President Muhammadu Buhari says his administration will not privatise healthcare institutions in order not to exclude the poor and the vulnerable from accessing healthcare services.
The president said this at the Aso Rock Presidential Villa in Abuja yesterday while receiving a team led by Professor Olu Akinkugbe and constituted by the Olusegun Obasanjo Presidential Library to develop an agenda for the health sector in the country.
Buhari stated: “Privatisation aims at maximum profit. It then excludes the poor and the vulnerable from accessing healthcare. But we have to look after the poor.”
Buhari stressed the need to be careful and take a look at the state of development of the country before considering the option of privatising healthcare institutions.

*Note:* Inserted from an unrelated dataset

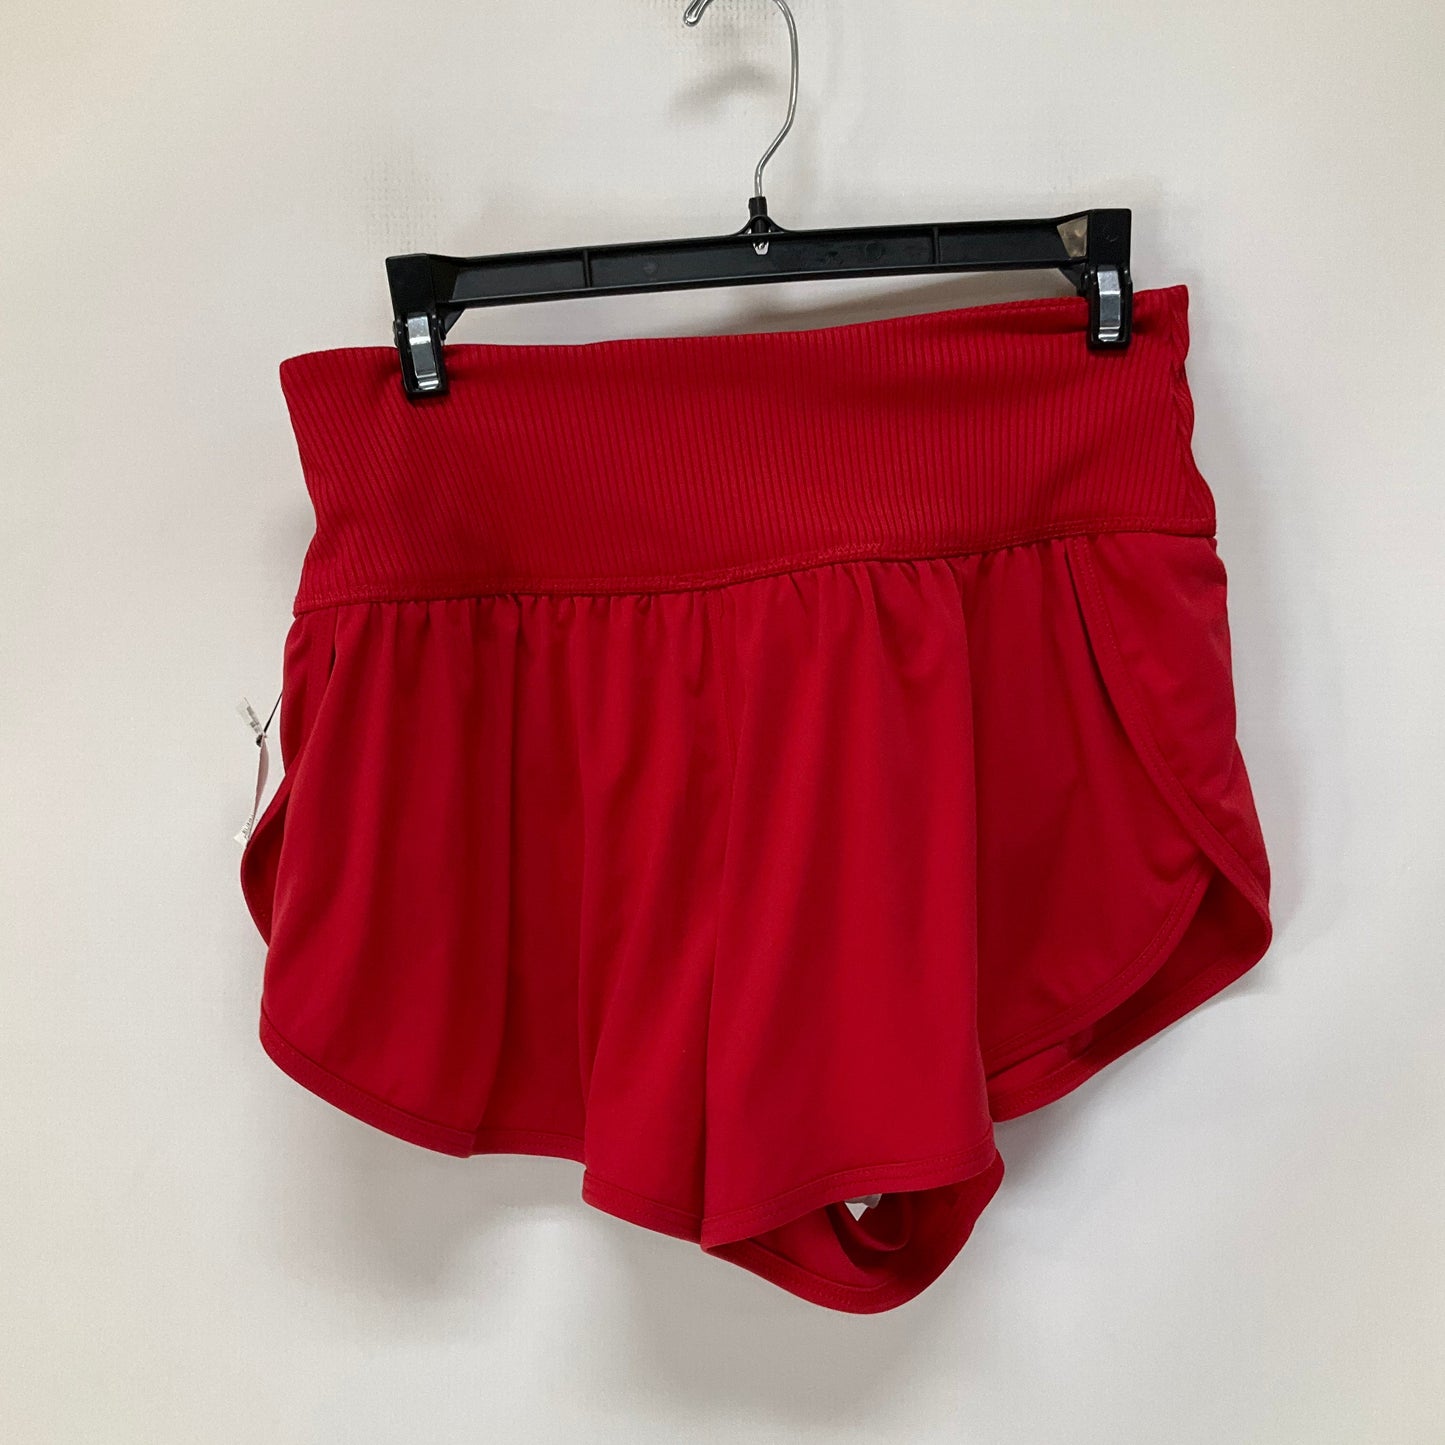 Red Athletic Shorts Free People, Size M

The president recalled that the Petroleum Trust Fund (PTF) which he headed in the 1990s had developed institutional strengthening in which the PTF supported pharmaceutical companies with resources to encourage local production of drugs.
Earlier, Akinkugbe said the team’s agenda for the health sector include proposals on healthcare financing, developing health intelligence/observatory to pre-empt epidemics, simultaneous focus on primary, secondary and tertiary healthcare, preventing labour unrests in the health sector, facilitating access to essential drugs through local production and the drug distribution system.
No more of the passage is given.